I understand. In order to help i am going to try out lots of various expressions. It is a pain (and error-prone) for me to use your image to type it out myself. Instead, you could just edit your post and copy+paste the text…

Updated images with text

1 Like

alright this is going to be very complex for regex and honestly a different solution might be best in this case. However, I’m trying to work on a finding a solution. I’ll tell you my thoughts right now so you can try to find one as well.

Assumptions:

  1. A US Address will always end with , [2-letter state code] [5 digit zip code]
  2. A US Address will always begin on a new line with any of the following:
    a. A digit
    b. PO
    c. P.O
    d. Box
  3. A US Address will either be on 1 line or 2 lines
  4. Only the address will be found on the line, no other extraneous information will be included on that line

I’m going to use assumption 1 to get an anchor with a positive lookahead. I’ll then check to see if the beginning of that line starts with one of the items in assumption 2. If it does, pull out that whole line. If it does not, then pull out the previous whole line as well.
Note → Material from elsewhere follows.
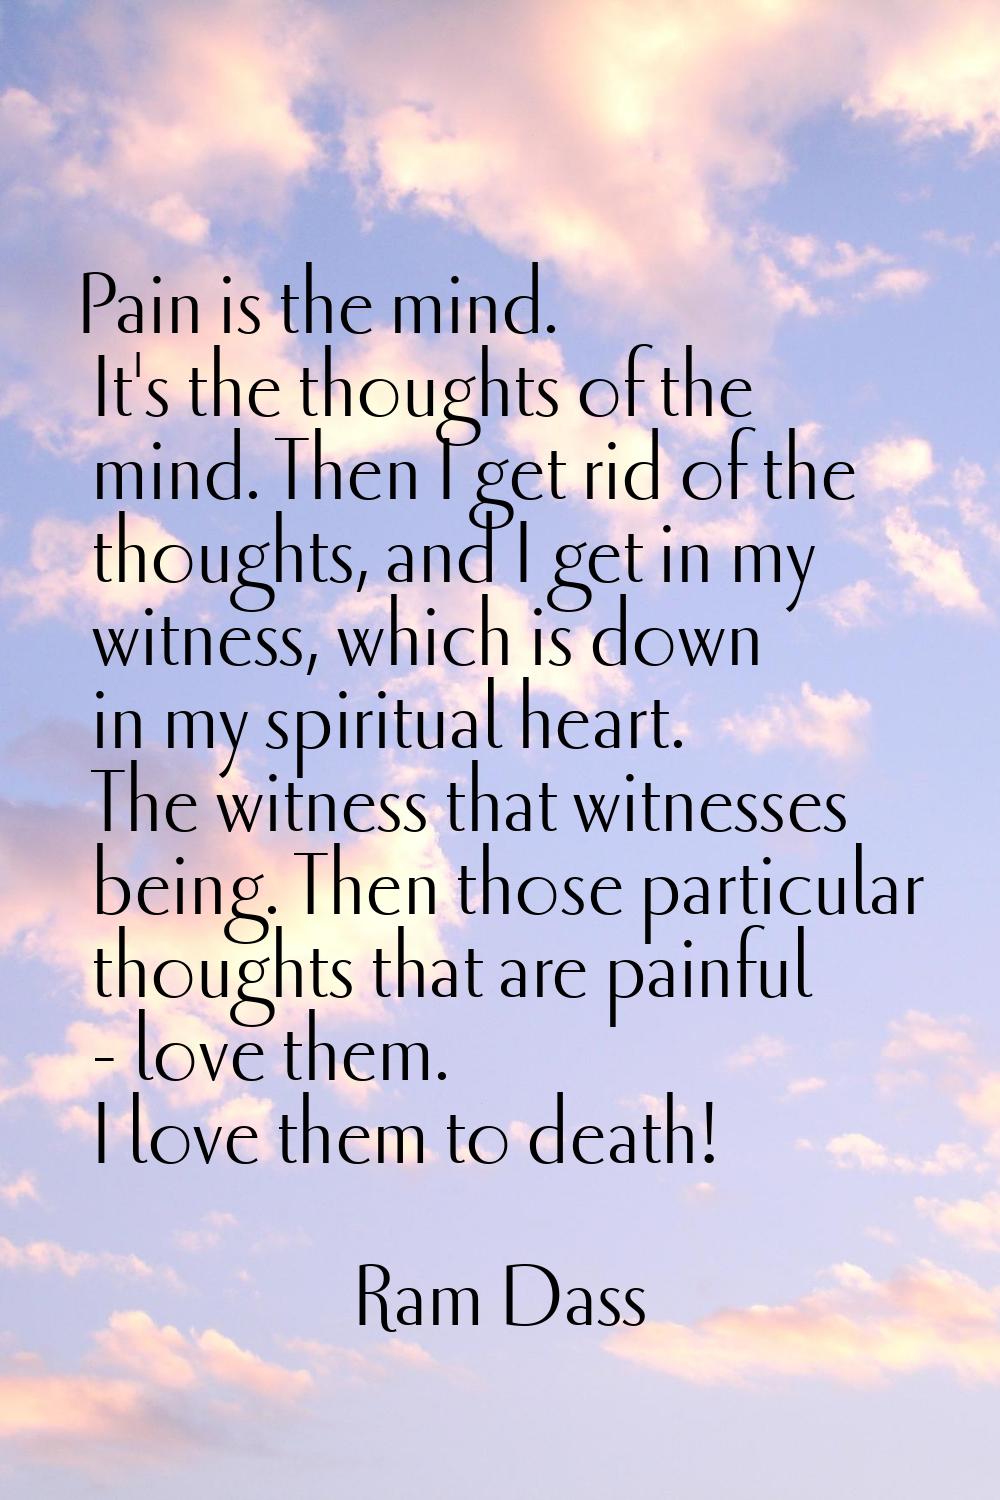 Pain is the mind. It's the thoughts of the mind. Then I get rid of the thoughts, and I get in my wi

This is not a perfect solution as it doesn’t work if the line begins with PO or Box. It would miss the true first line in that case. It should work most of the time. In order to compensate, I would recommend utilizing the USPS API to validate each address after pulling it out with regex.

line always start with digit and end with [2-letter state code] [5 digit zip code]

PO or Box condition is optional and middle part of address so it doesn’t matter.

always look for
line always start with digit and end with [2-letter state code] [5 digit zip code]

That makes it much easier! I’ll edit this comment in a few minutes with a possible solution

@pankajs3 I believe this should work:

\d+.+(, [A-Z]{2} [0-9]{5})|\d+.+\r\n.*(, [A-Z]{2} [0-9]{5})

This first attempts to check the first line for a digit with 1 or more matches, then grabs everything between that digit and the , [state] [5 digit zip]. If it doesn’t find a match it then grabs the previous line doing the exact same thing

1 Like